Winchester, Virginia

They were sisters, the pretty one and the one who lived in her shadow, a pale, chip-toothed, uncertain girl who made too much noise while eating celery. They lived on the outskirts of Winchester, in a house owned by their father, a dentist by trade. The fields behind their property grew wild with evening primrose and goldenrod. Near the cornfield on the east side of their property stood an apple orchard, and it was here that golden Libby and chipped-toothed Josephine, Libby's elder by a year, made their sanctuary, taking refuge from everything: the yelps of children during tooth extractions, the peskiness of a little brother, the swift, severe gaze of a mother, general pangs, harsh sunlight, and chores.

The other children in town courted the affections of Libby, but she preferred the sweet mixture of orchard and sister, all that shade and adoration.

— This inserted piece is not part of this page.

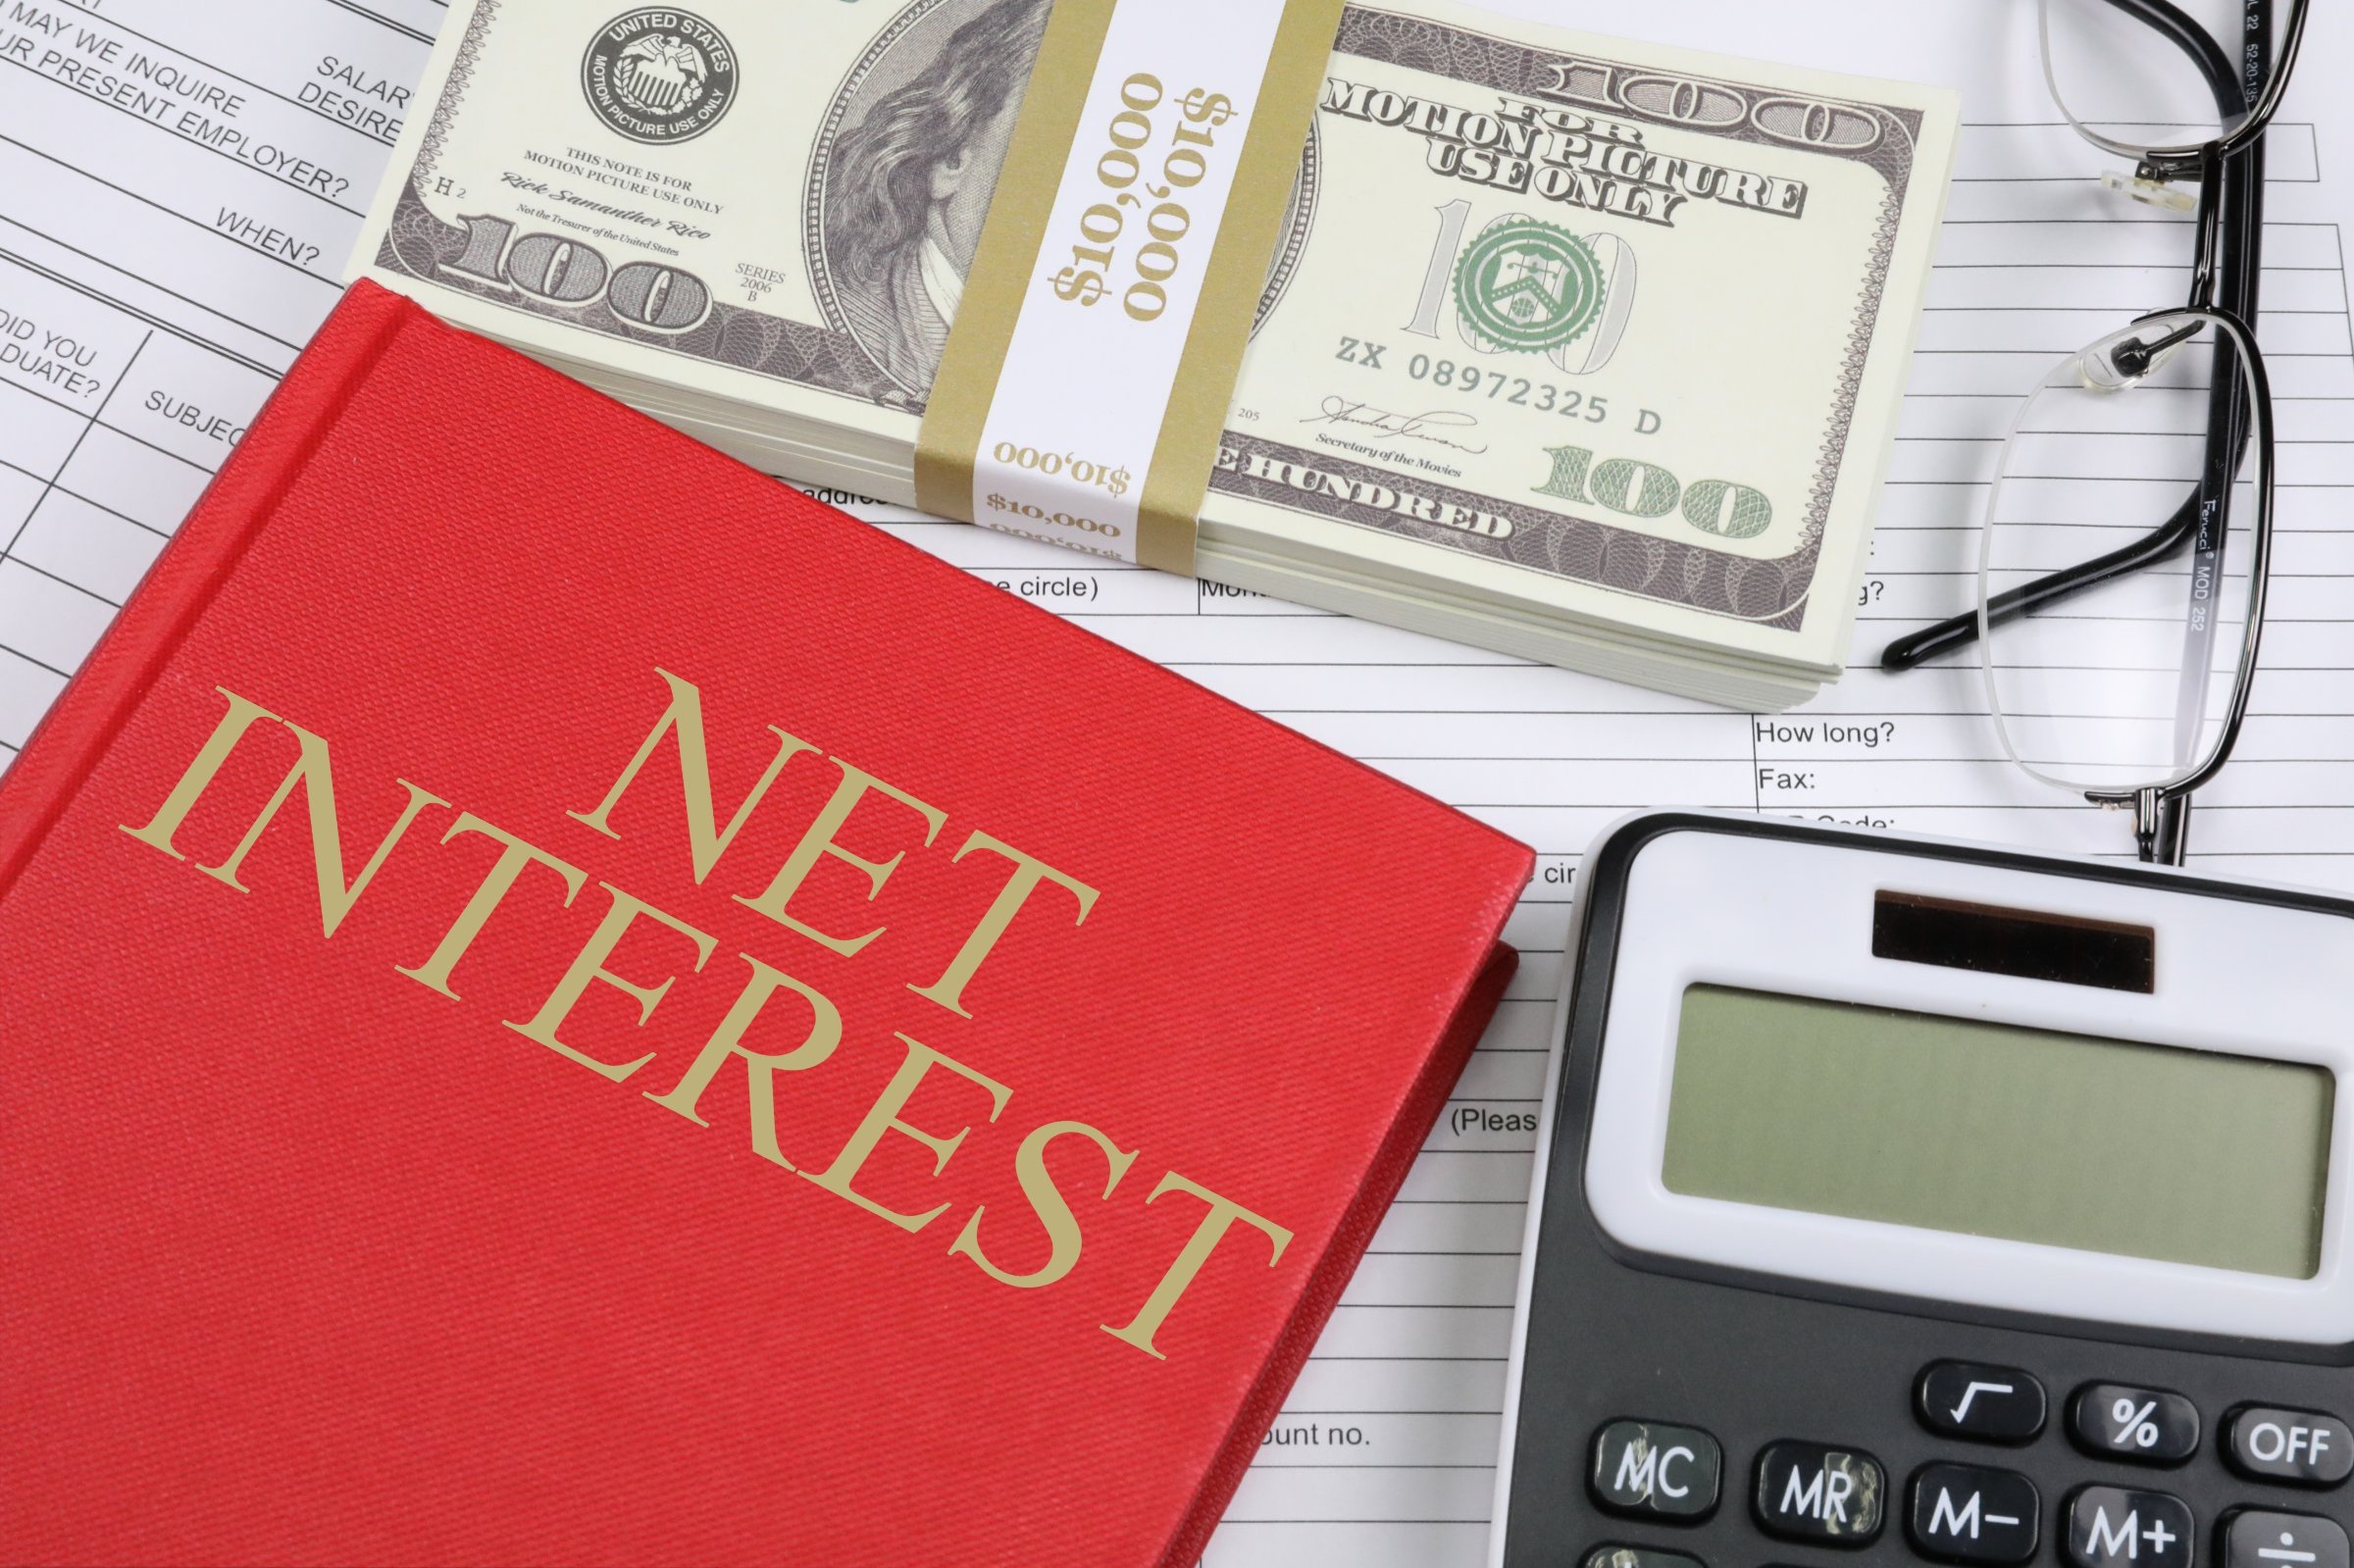 net interest

When Josephine was thirteen, a shadow trespassed on that filtered light. The family next door had moved from a small town near Fredericksburg called Shiloh, a young couple with three sons. The oldest was named Arden. He came strutting into the yard on a warm spring day, when the leaves in the orchard were curling tendrils, and the shadows hung dark, waiting for May to darken them into the black of an Angus bull. He wore a pair of corduroys and a shirt with a Western design; his hair was almost as light as Libby's and his face just as angular. His eyes gave off different inferences that depended on the angle of approach. Libby saw wildness and sweetness and a deep capacity for sorrow. Josephine saw arrogance and entitlement and a lack of respect for elder sisters.

Soon Arden's feet were swinging from the branches, and the quality of conversation was forced into a different season, one that incorporated boys. Now Indian talk pierced the orchard, fishing lore, legends, and brutal accounts of cats killing birds. Pirate stories and secret caves, the challenge of breaking a colt. Even the drifting scent changed from the faint lavender of girls to the sweat of a hot boy. Something was unnatural here, like a tree that fruits before it blooms. Josephine was gently elbowed out of the shade until she no longer entered the orchard at all but lurked at the perimeter.

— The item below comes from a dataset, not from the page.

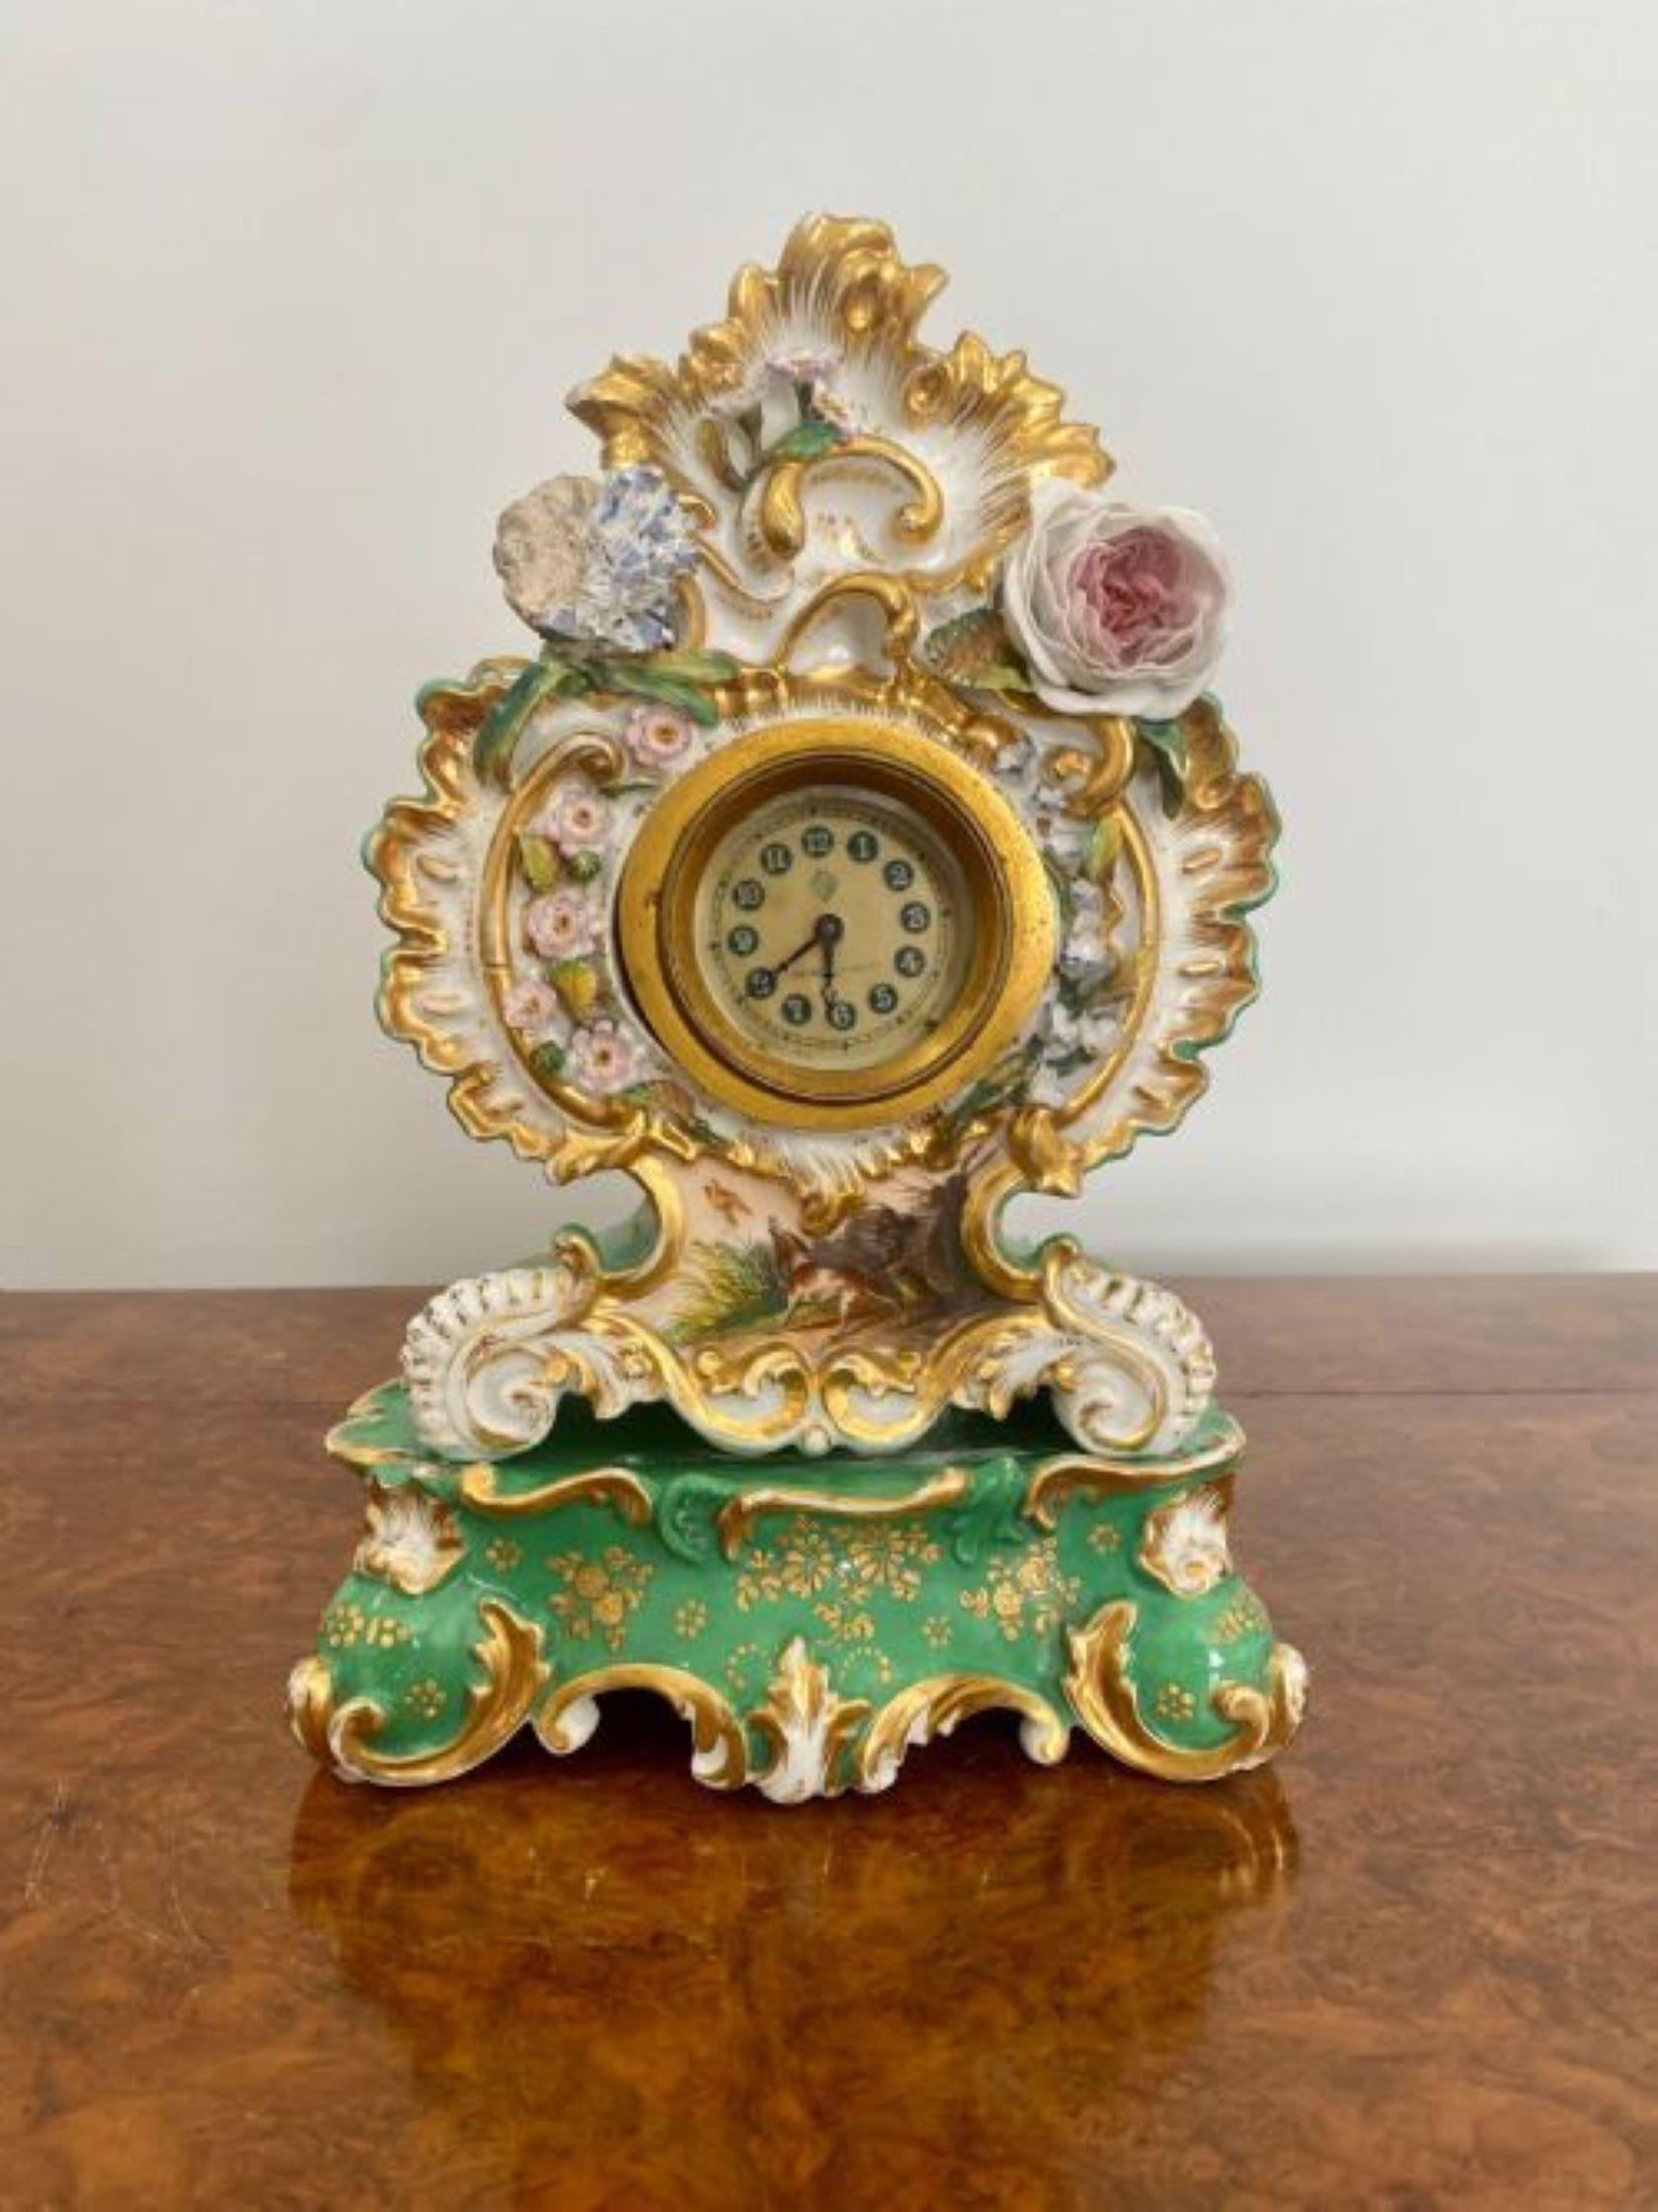 Ancienne horloge de manteau en porcelaine peinte à la main de qualité édouardienne, avec un boîtier en porcelaine décorée à la main de fleurs, de feuilles et de volutes dans de merveilleuses couleurs vertes, jaunes, roses, bleues, blanches et

She didn't understand how to be alone. She felt insubstantial, impermanent as silence in a room full of women. There was some kind of secret to making friends, and, denied this, she began to spend her time in her father's office. Children cried and teeth flew.

"Hand me the laudanum," her father said.

She watched him pour the opiate onto a spoon to numb a patient's pain. She imagined the bottle held to her own lips, pain declining, pleasure growing. The sweetness of a watermelon, the dreaminess of a summer afternoon, the cool water of a fishing hole, the softness of ferns.

Hostility toward the whole led to belligerence about the parts. His laugh. His haircut. The shape of his arms. The blue of his eyes. The way his pretty face resembled Libby's.

"You spend so much time with him," she complained to Libby. "How about me? I thought I was your best friend."

"Don't be silly. You can sit in the orchard with us anytime."

"That was our orchard!"

"Oh, Josephine. Orchards belong to everyone."

When Libby and Arden weren't in the orchard, they would disappear into the woods and stay gone for hours, returning with new secrets, certain stories exchanged, pebbles gathered, sparrow eggs rescued, snakes slain. The sight of the interloper drove Josephine to distraction. She had nightmares in which he fell from the branch of a tree or from the top of their house, grasping her sister's hand and pulling her down with him.

A year had passed. Autumn had arrived. The apples were heavy in the orchard, weighing down the limbs. Flowering weeds turned colors or withdrew their blooms. The sky was white in places, sweet blue in others.

Libby's illness began as a weariness, a desire for naps. Quickly it grew a fever, then chills. The orchard sat empty. Libby lay in a dim room, her face flushed and skin perspiring. Arden visited her at first, but when she grew worse, he could not look at her without bursting into tears, and Mrs. Beale sent him away.

"Get ahold of yourself, son. You aren't helping matters."

Despite the protestations of her mother, it was Josephine who took over, fetching teas and applying poultices, whispering, singing, telling her own tales, finally. She wiped down the floors with lavender water so that Libby could awaken to the fragrance of flowers. She brewed tea, heated soup on the fire in the kitchen. Her nursing skills defined her, made her whole again.

A framed tintype sat on the night table. Two little girls stared out from it, one with golden hair and the other with bright eyes and a contented smile. Their father had taken them down to the studio at the Taylor Hotel as a birthday present for Josephine a few years earlier. She couldn't help staring at it now and remembering those days when Libby was healthy and belonged to her.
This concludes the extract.